ACTIVITY: An exact transcript is required of the lines below, from the one containing "CONVERSE Converse Chuck" through the very last; leave every picture out of it.

DATA PROVIDED:
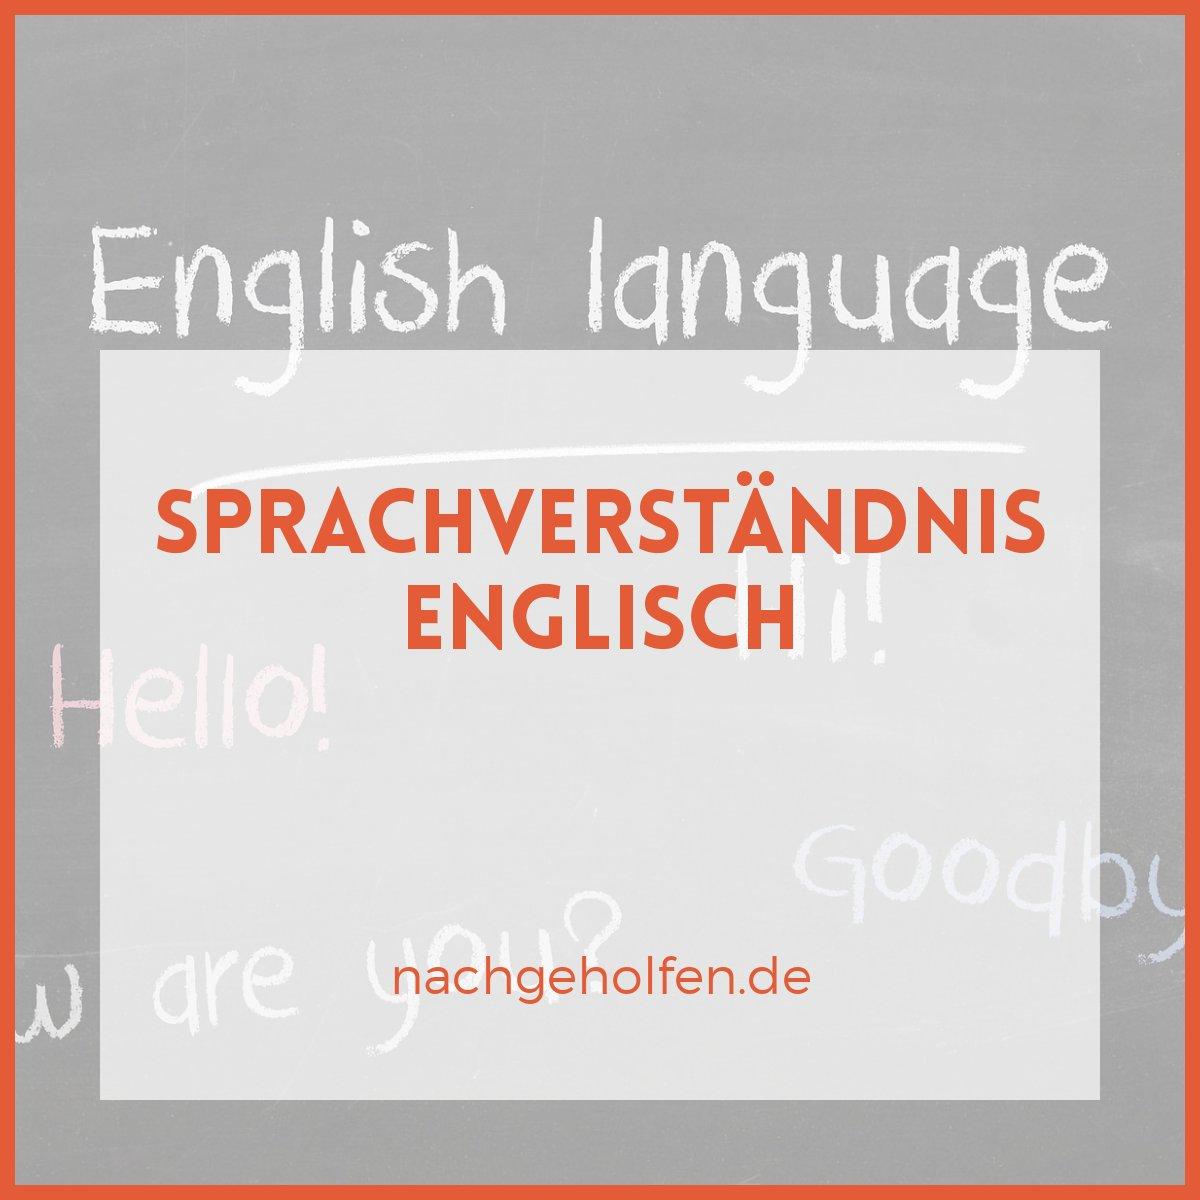 Sprachverständnis Englischdie Besten Tipps Bei Nachgeholfende
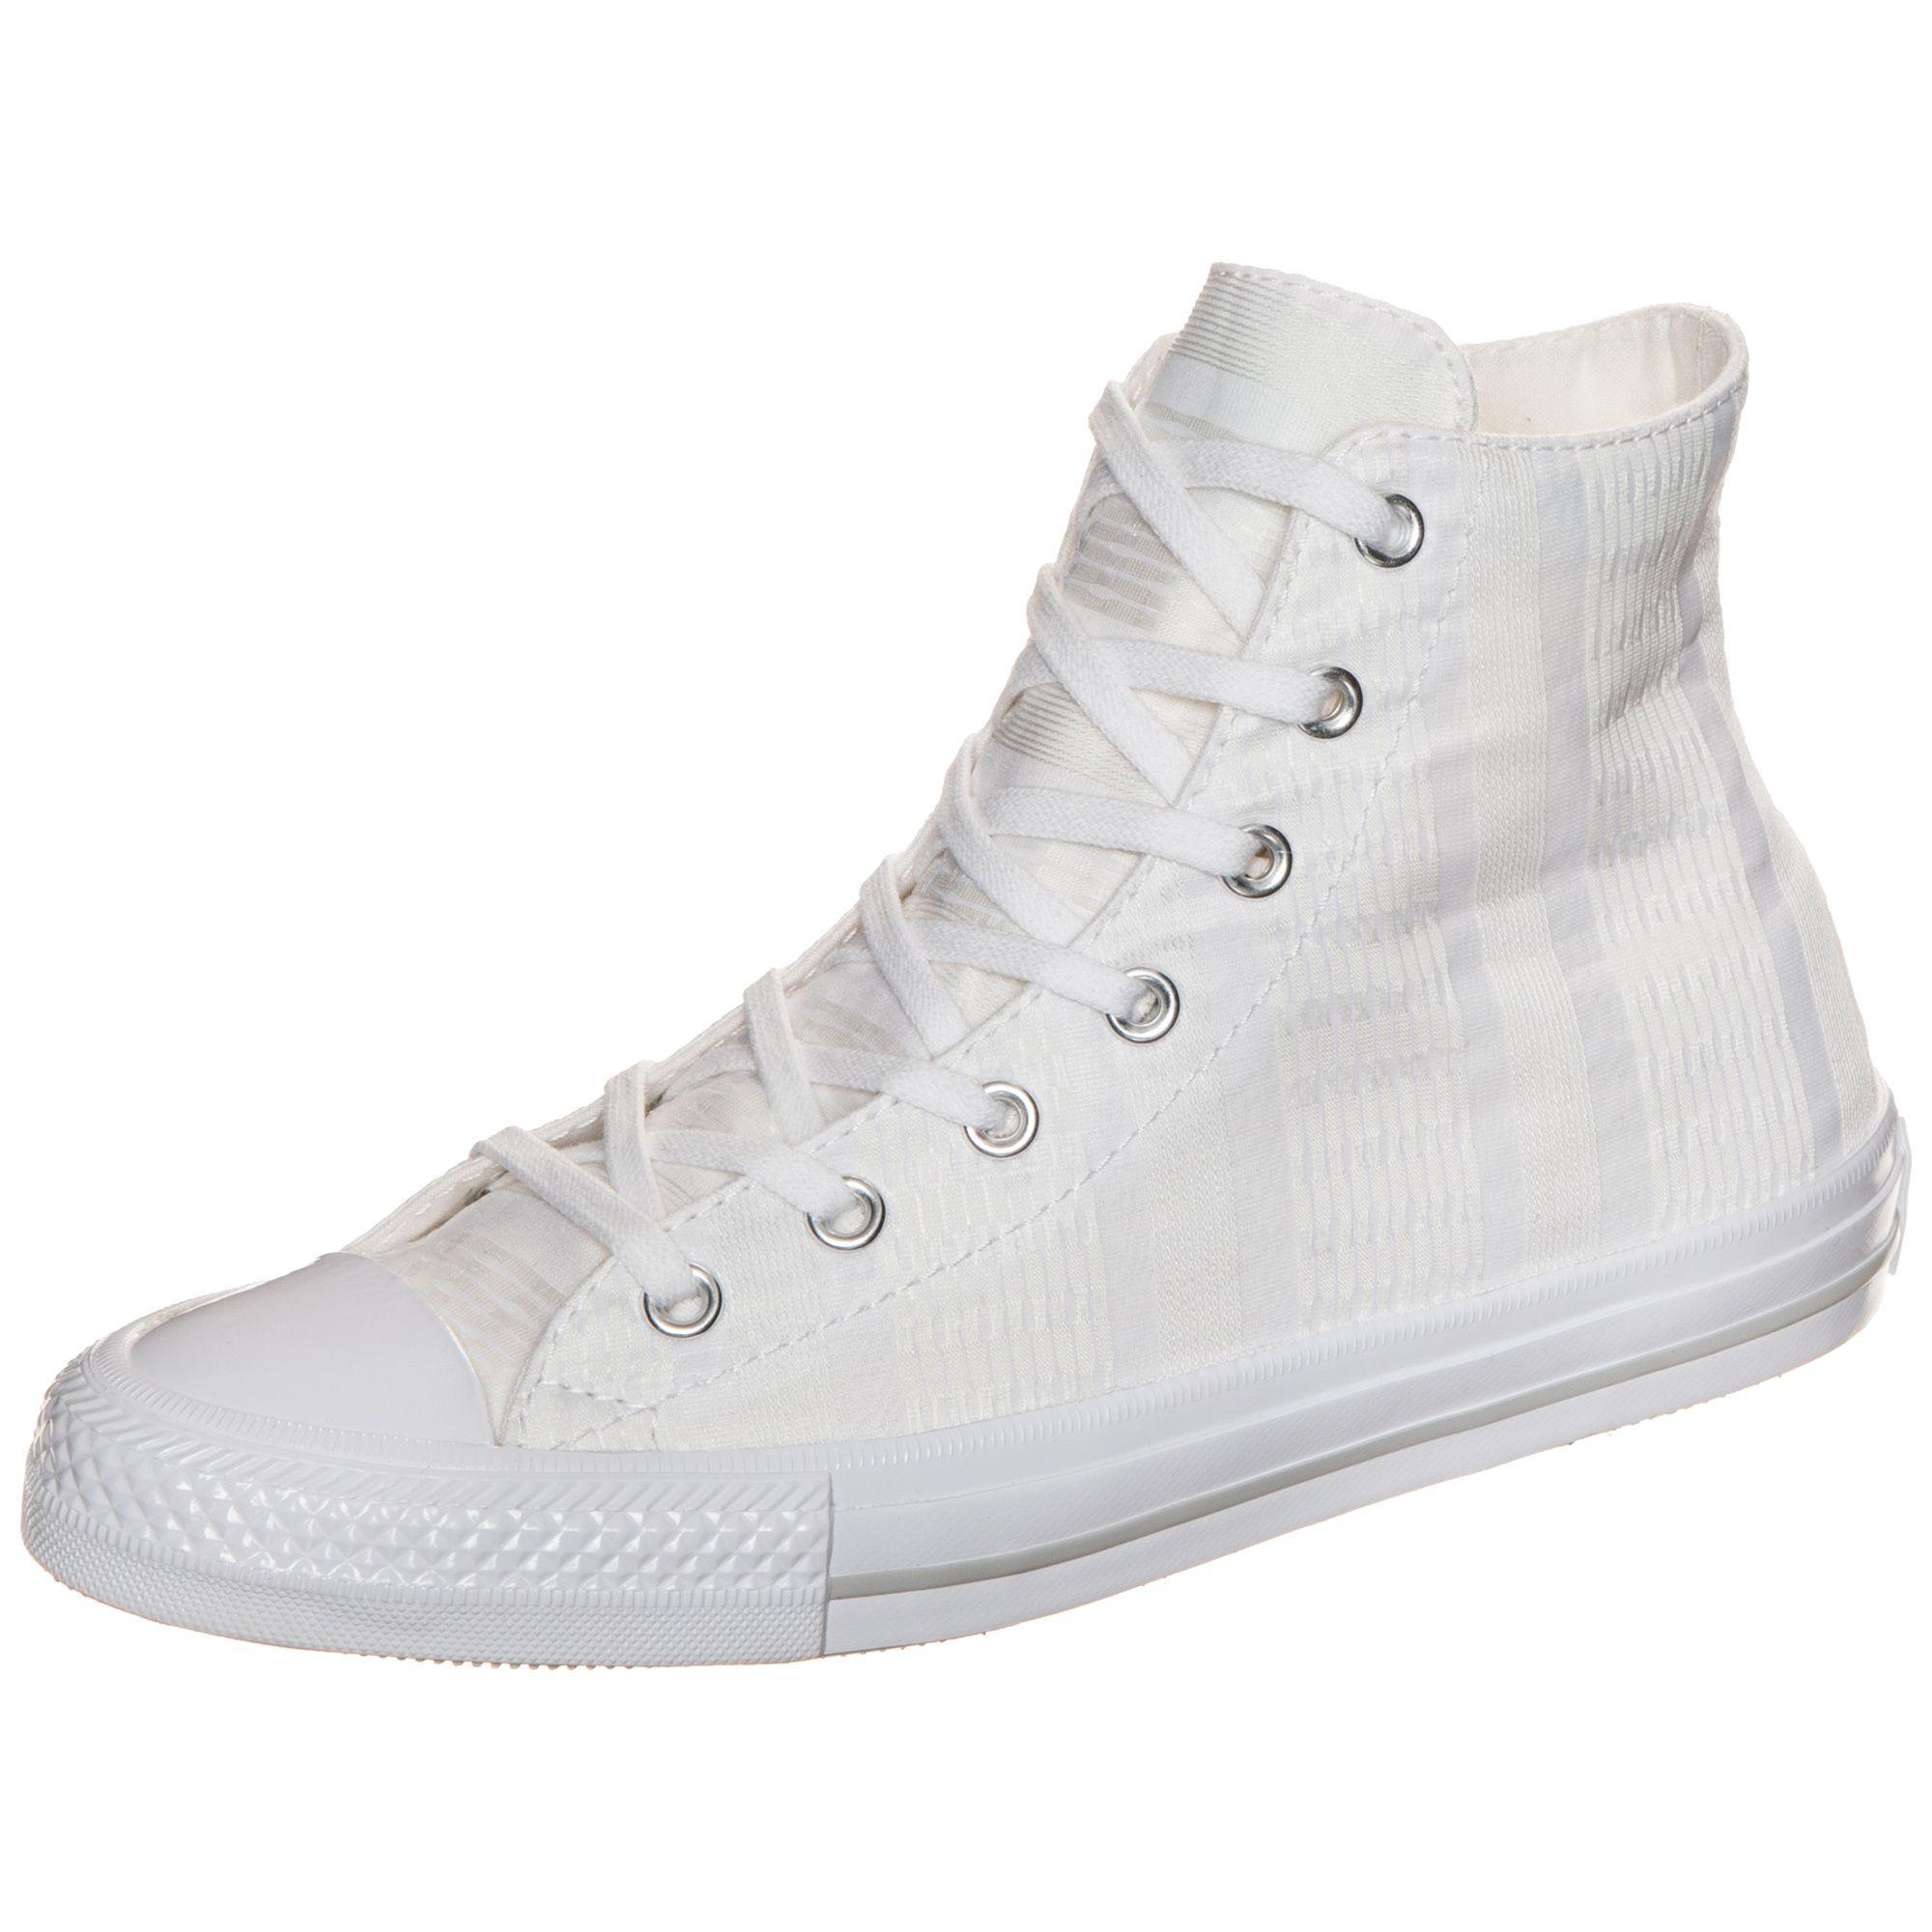 CONVERSE Converse Chuck Taylor All Star Gemma High Sneaker Damen
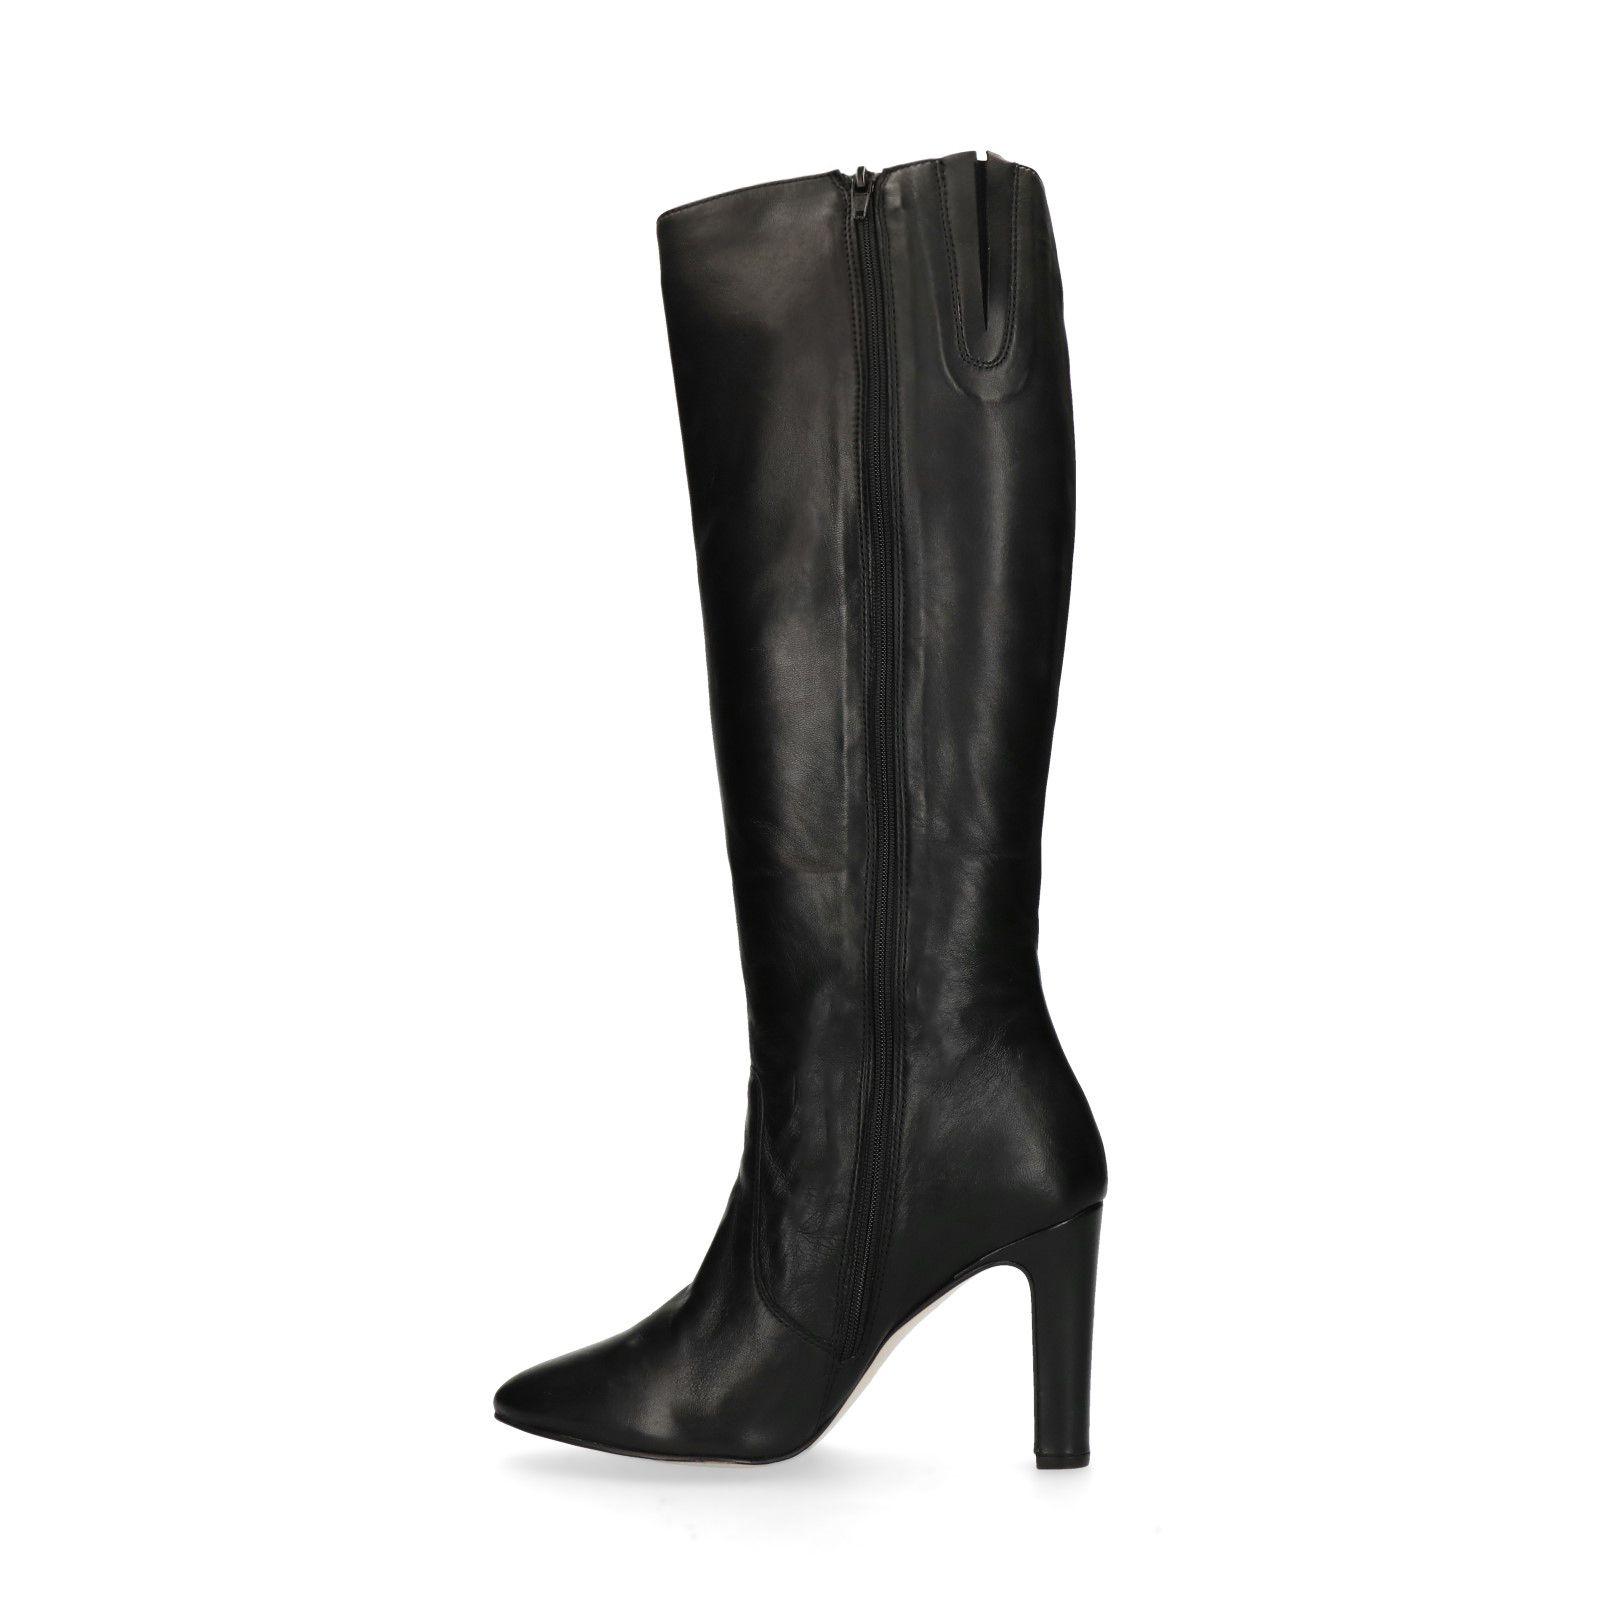 Leren hoge laarzen met hak Dames | MANFIELD

RESULT OF THIS TASK:
 CONVERSE Converse Chuck Taylor All Star Gemma High Sneaker Damen
 Leren hoge laarzen met hak Dames | MANFIELD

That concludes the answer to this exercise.